While Democrats are in the Senate minority, it only takes 30 senators to force a CRA resolution of disapproval to the floor of the upper chamber. Under CRA procedures, "any senator may make a nondebatable motion to proceed to consider the disapproval resolution on the floor." If that privileged motion is approved, the disapproval resolution would be subject to up to 10 hours of debate.
"The bottom line is this: If you found something like 1,000 current or former agency actions—a reasonable number considering all the work executive branch agencies do—you would probably have enough to keep the Senate debating and voting on CRA resolutions through the duration of this Congress," Dayen wrote. "Given the high stakes of the budget bill—soaring inequality as benefits for the poor are slashed to finance tax cuts for the rich—every tool at Senate Democrats' disposal should be employed. Republicans just handed them a big one."

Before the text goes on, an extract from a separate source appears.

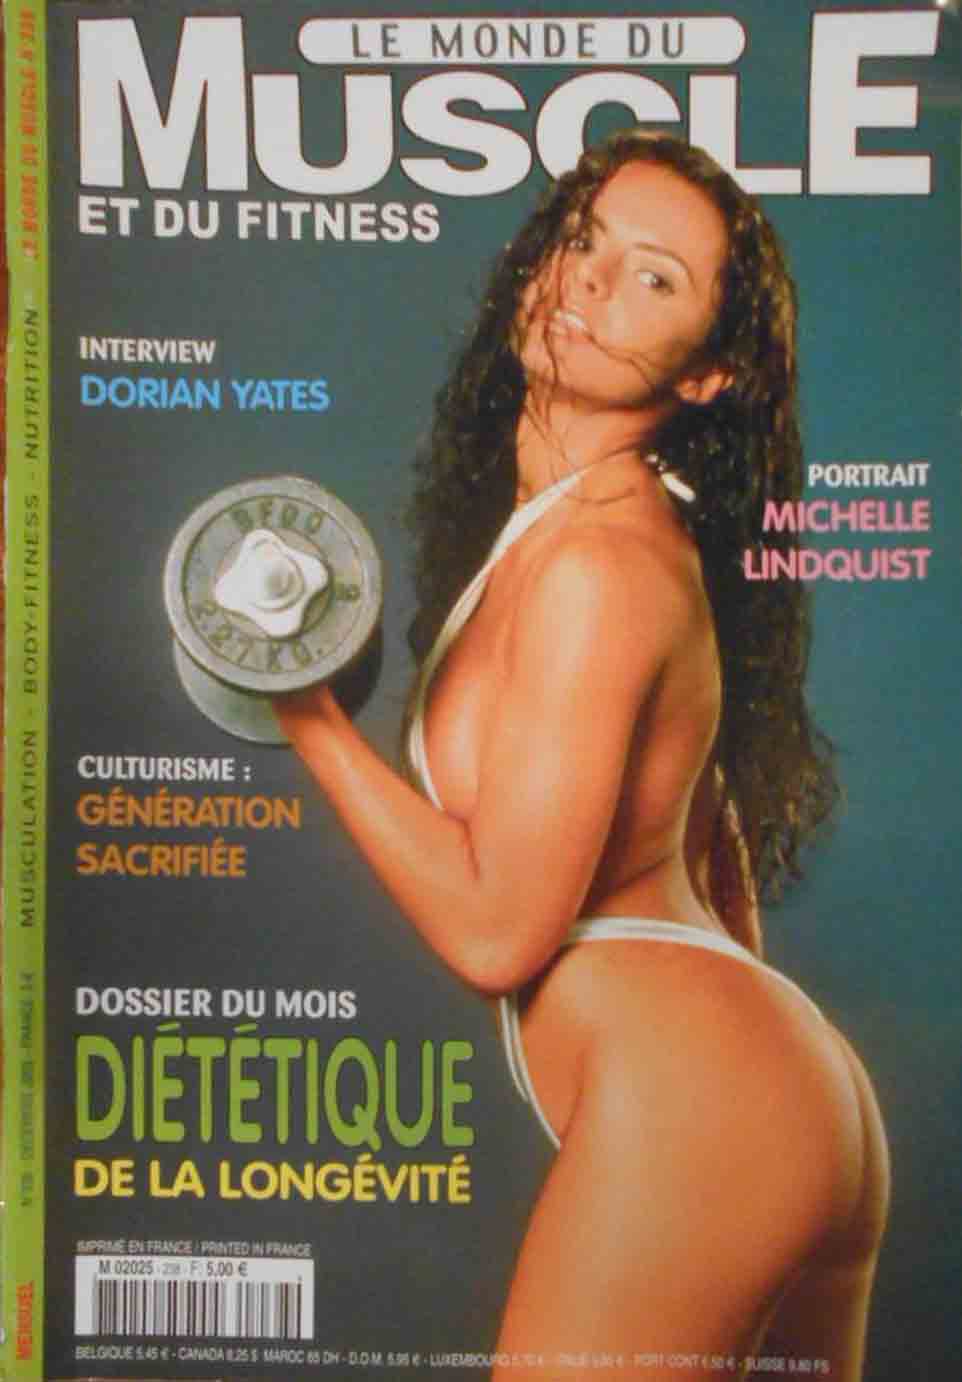 Le Monde du Muscle # 238 magazine back issue Le Monde du Muscle magizine back copy 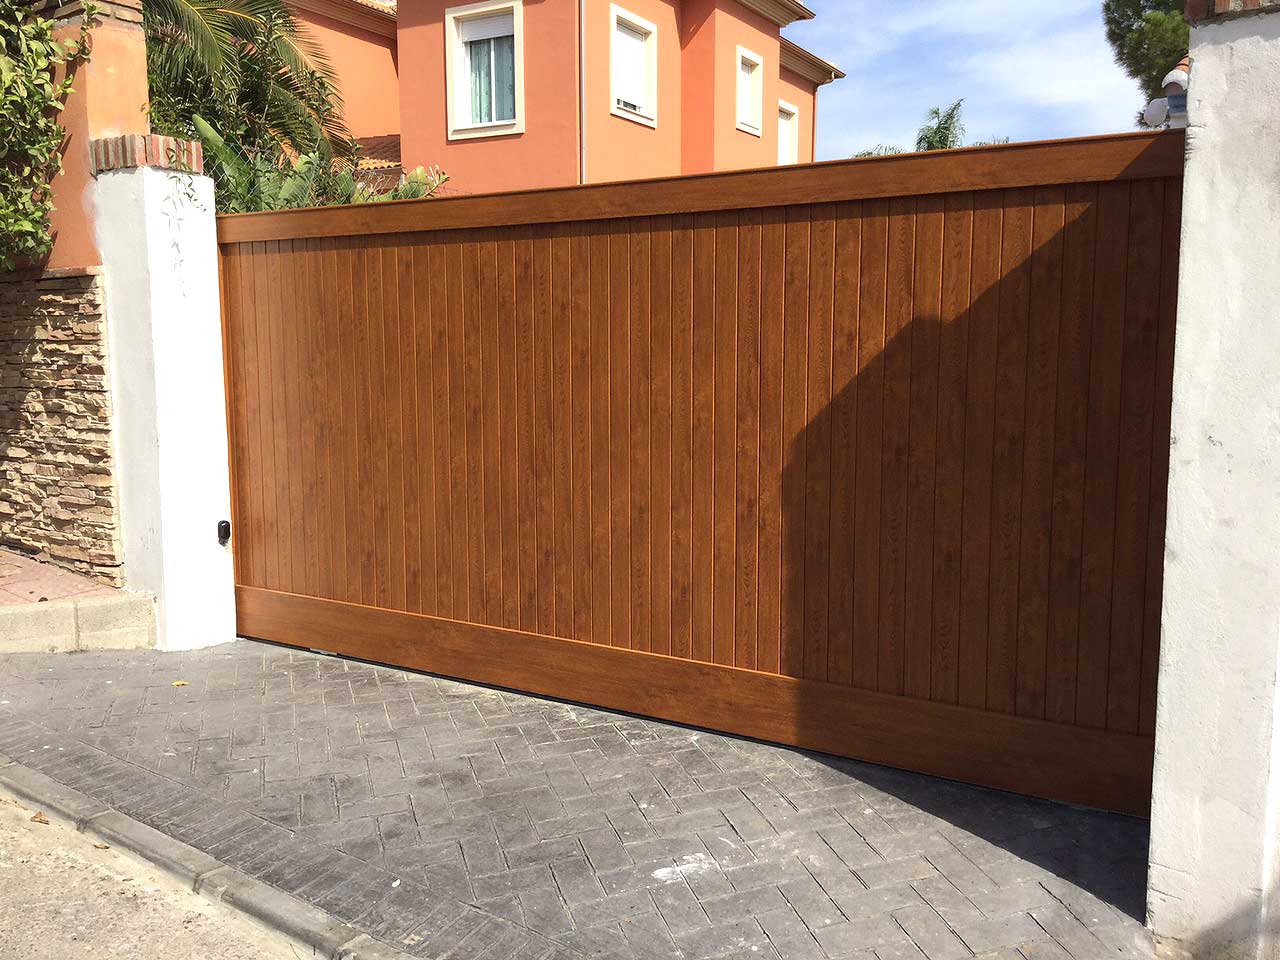 Puerta de Garaje Corredera fabricada e instalada por Gatech en Málaga. Fabricada en Aluminio con imitación a madera.

As Dayen pointed out, Senate Democrats—including Minority Leader Chuck Schumer (D-N.Y.)—are aware of the hugely disruptive potential of the precedent set by their Republican counterparts.
In a May 1 letter to top Senate Republicans, Schumer and 19 other Democrats warned that if the GOP moved ahead with their plan to bypass the parliamentarian, "the CRA could be weaponized to retroactively invalidate decades of agency actions—including adjudications, permits, and licensing decisions that were never previously considered 'rules'—and effectively hijack the Senate floor."
It's far from clear that Democrats would be open to exploiting the procedural loophole Republicans created, even as members of the minority party face growing pressure from their base to fight back more aggressively against the Trump-GOP agenda—which includes catastrophic cuts to Medicaid, federal nutrition assistance, and green energy programs.
In a piece for the Prospect earlier this month, former House Oversight Committee staffer Todd Phillips outlined the potential CRA strategy. Asked by the Prospect on Wednesday, Phillips said he had not yet received any response on the idea from congressional Democrats.
"But we know they're aware of it; they have said it out loud," wrote Dayen on Wednesday. "They could start the campaign any day now."